By Dave Workman
Editor-in-Chief
Three years after a fatal shooting in which one person was killed and three others were wounded at a Chicago night spot, four people were gunned down and 14 more were wounded late Wednesday.
In the Windy City, it’s a bad breeze which seems to blow past 311 W. Chicago Avenue. When that was the location of a the now-defunct Hush Chicago nightclub in 2022, the fatal shooting occurred outside. The Chicago Sun-Times is recalling that the business was subsequently deemed a “public safety threat” and was shut down by the city. This past April, a new establishment opened at the same location, called Artis Restaurant and Lounge.
The shooting was preceded by what the newspaper called “an album release party” for local “drill rapper” Mello Buckzz.
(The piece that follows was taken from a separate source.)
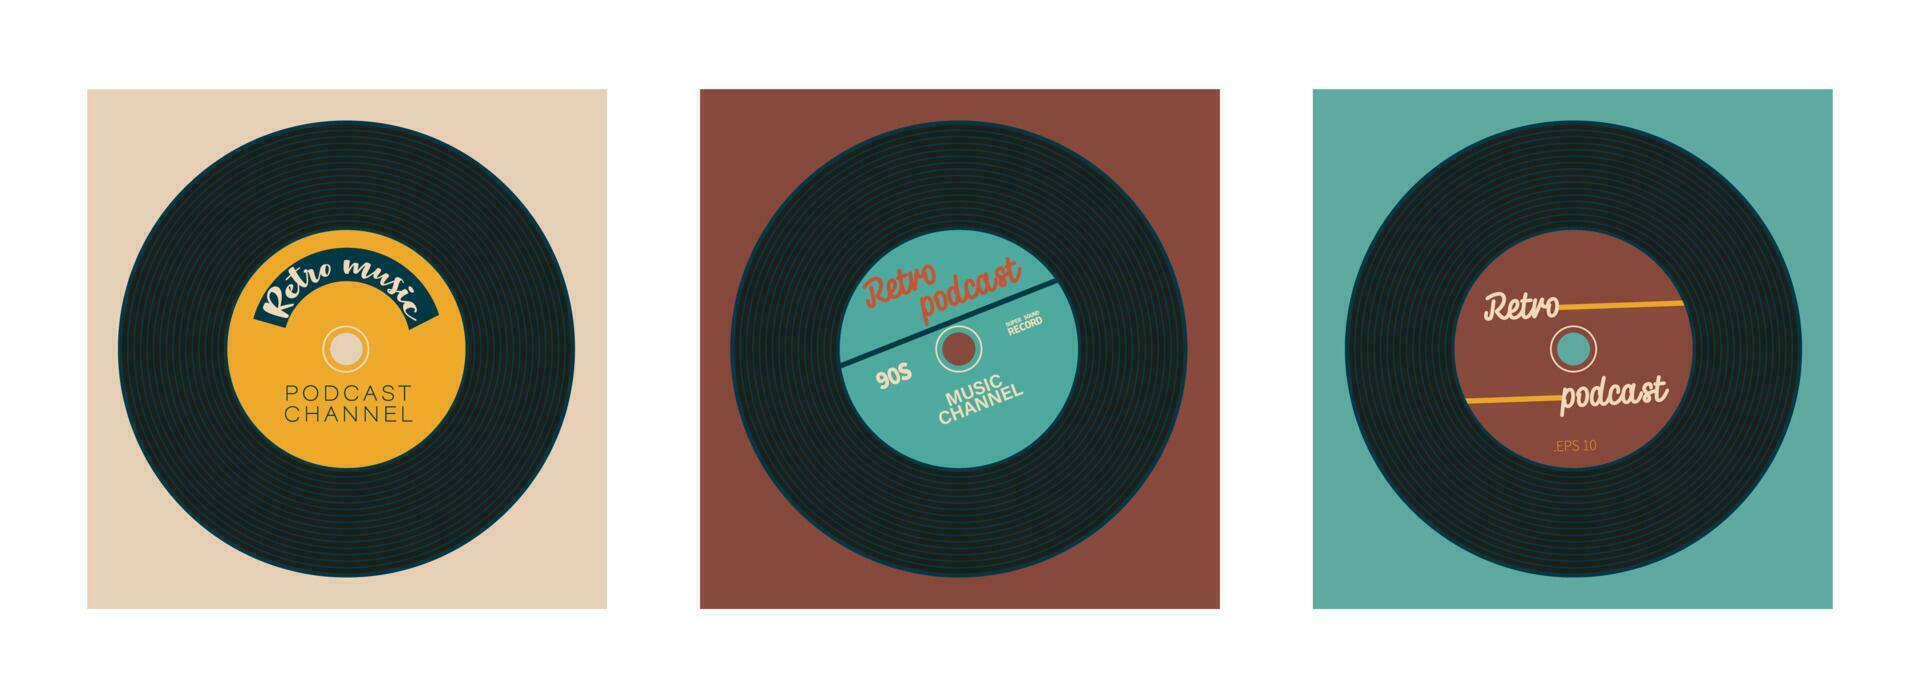 Set of covers for vintage podcast channel. Vinyl record with place for text. Retro style and colors. EPS 10 vector. vector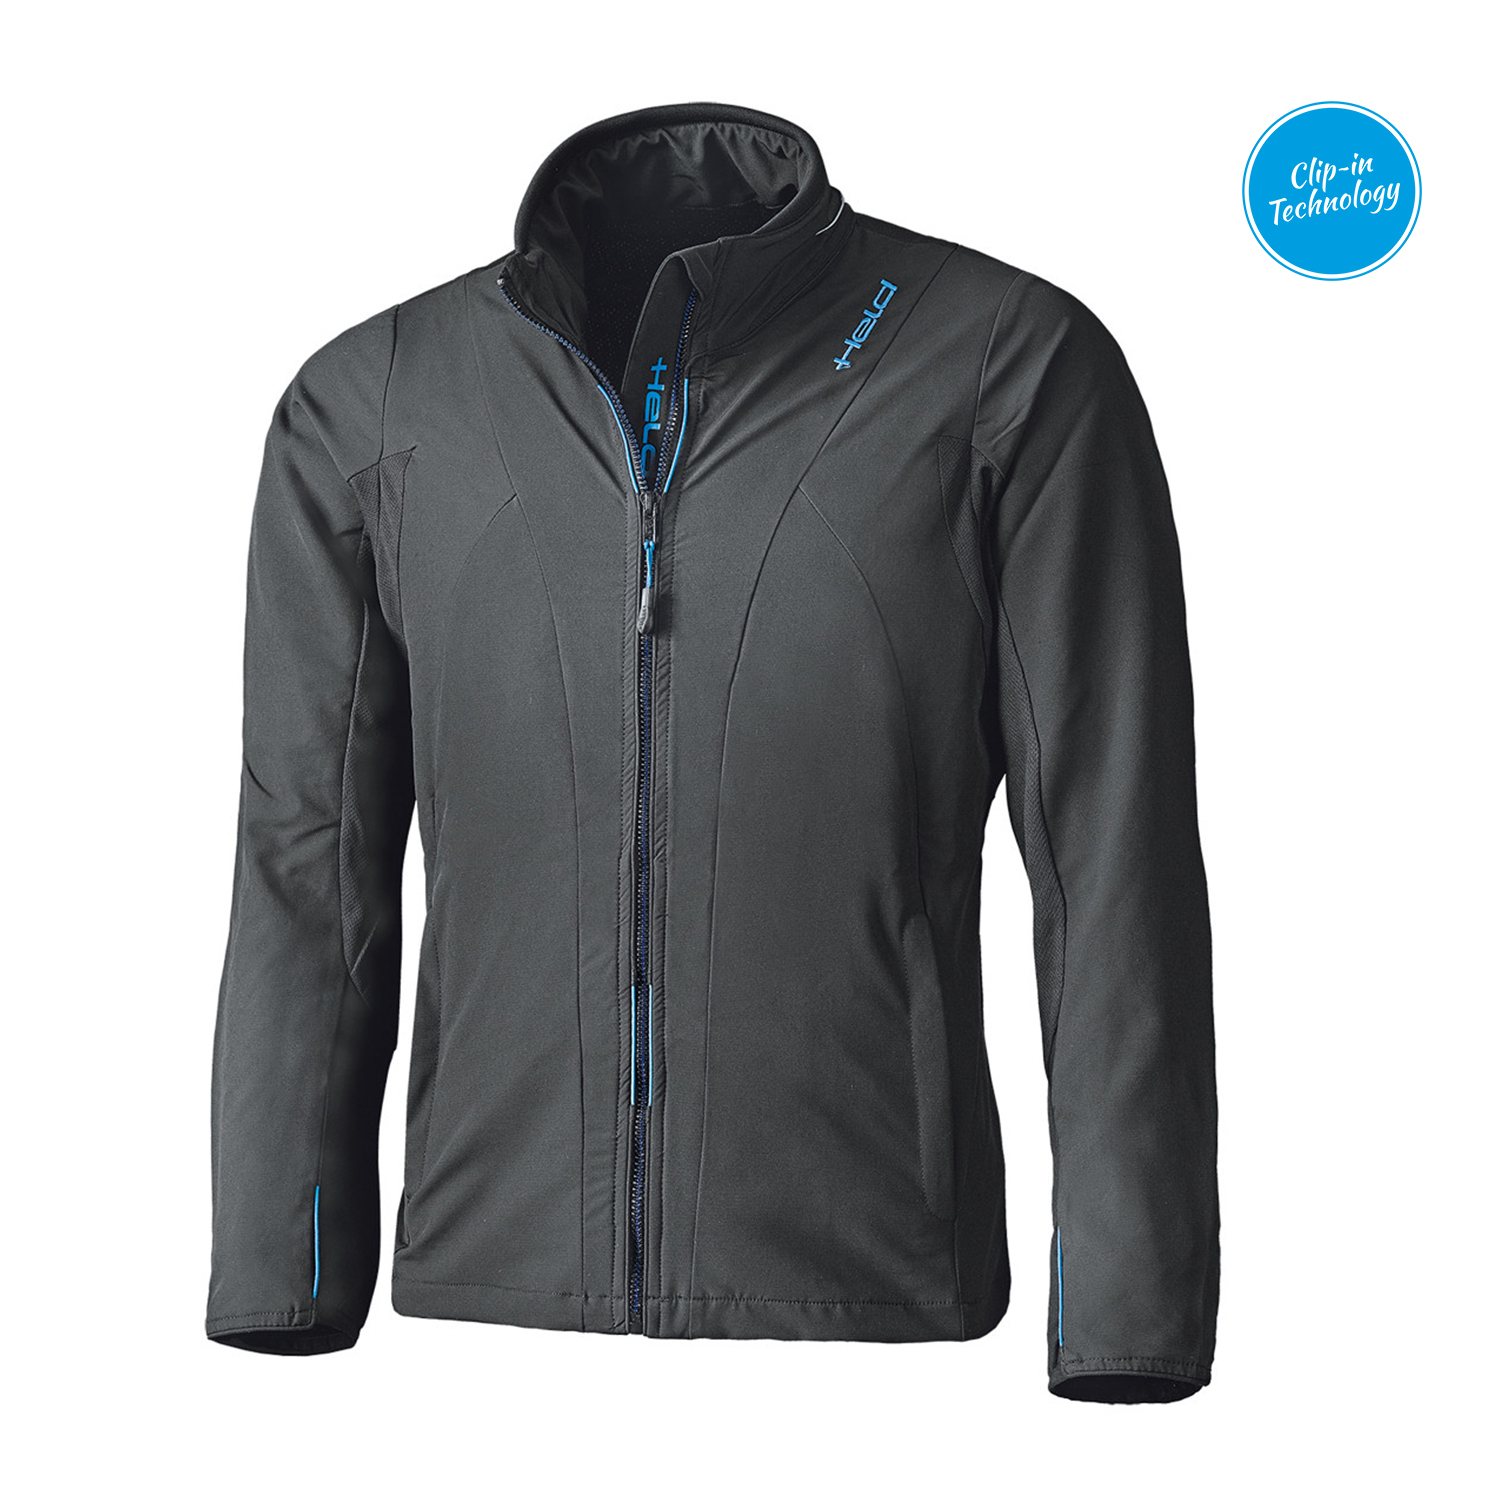 Held Clip-in Windblocker Top Jacket Black - Available in Various Sizes

The rapper had apparently already left, but she released a statement expressing sorrow for the victims, according to CBS News.
It was not clear who the intended target was, but the victims included two men and two women, according to published reports. Spent rifle and pistol shell casings were recovered.
Mello Buckzz is the stage name of 24-year-old Melanie Doyle, according to WXIA News in Atlanta. The station described her as “a rising voice in Midwest hip-hop.”
According to the popular website HeyJackass.com, Chicago has already seen 173 people fatally shot this year and another 706 wounded. There have been 206 homicides so far in 2025, and the June total saw 28 people shot and killed, down 56 percent from the same month in 2024. June also saw a 57 percent decline in the number of people shot and wounded over lasty year’s total.
A look at the HeyJackass tallies for June over the past several years shows a decline in the number of slayings for the month.
The Chicago Tribune is calling this the worst mass shooting in the downtown area since 2022 when 11 people were shot outside of a McDonald’s restaurant.
While Illinois has licensed concealed carry, the state still enforces some of the strongest gun control laws in the nation, yet violent crime persists, albeit at a slower pace.